Given information:
———
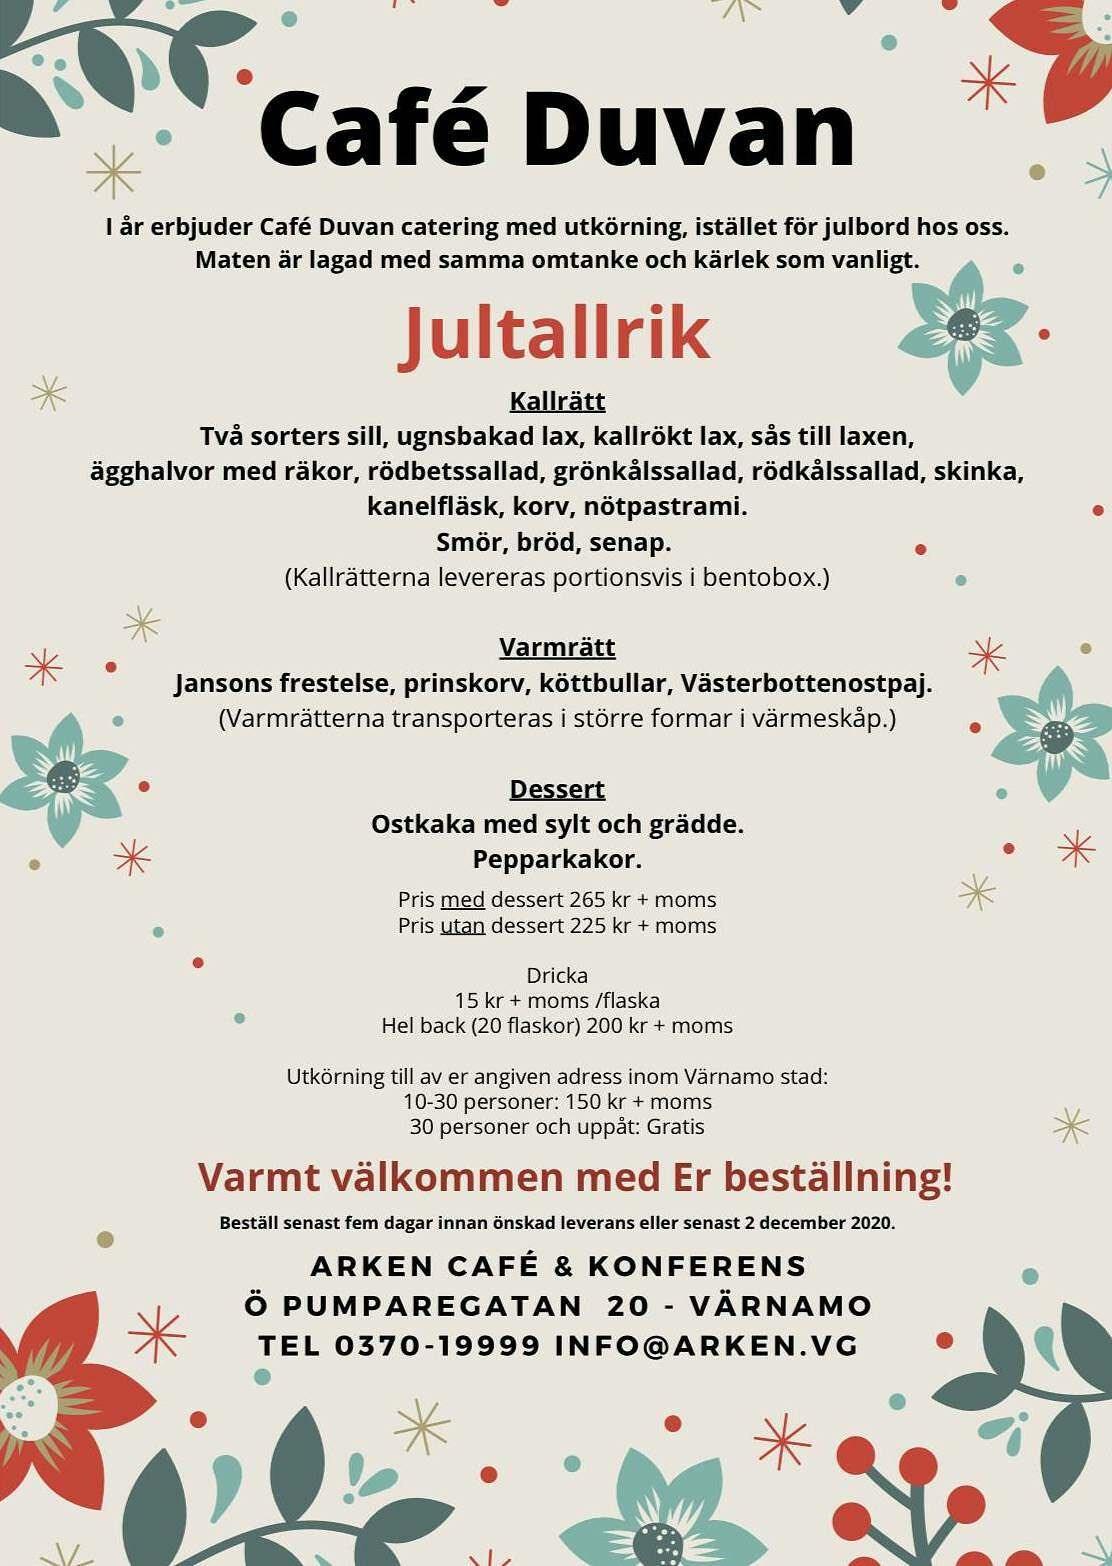 cafe-duvan-catering-jul1
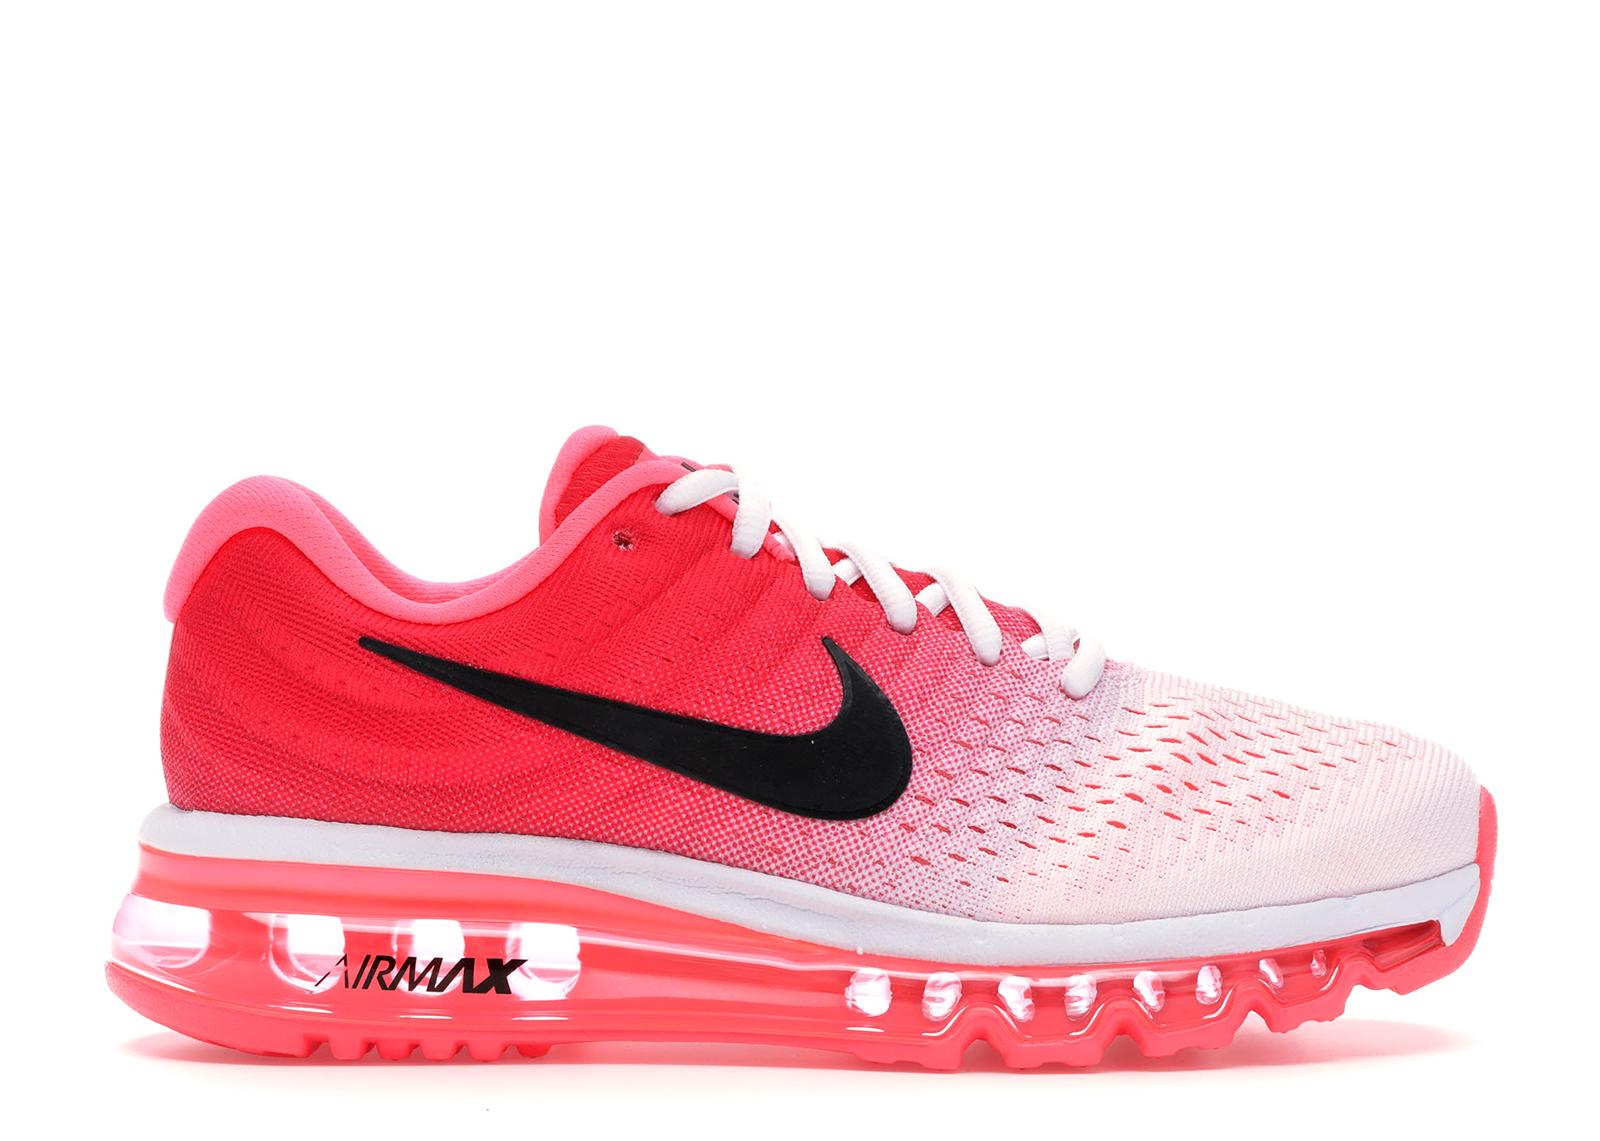 Nike Air Max 2017 Hot Punch (W)
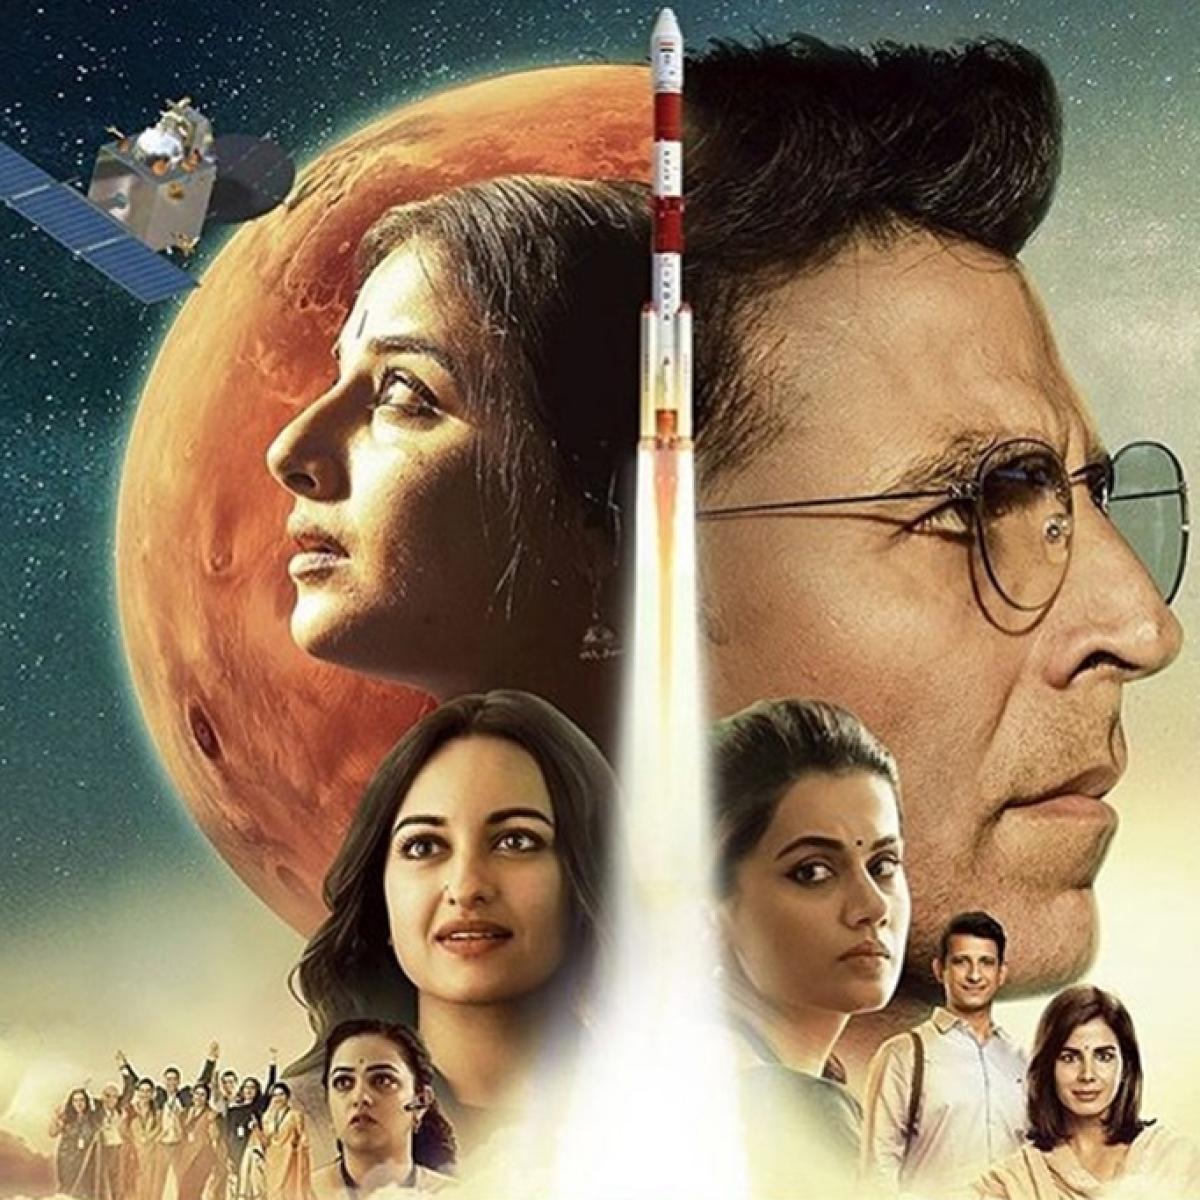 Akshay Kumar and Vidya Balan's 'Mission Mangal' crosses 175 crore mark
———
Brief:
The job is to set down the whole listing exactly, excluding any images.

Response to this exercise:
 cafe-duvan-catering-jul1
 Nike Air Max 2017 Hot Punch (W)
 Akshay Kumar and Vidya Balan's 'Mission Mangal' crosses 175 crore mark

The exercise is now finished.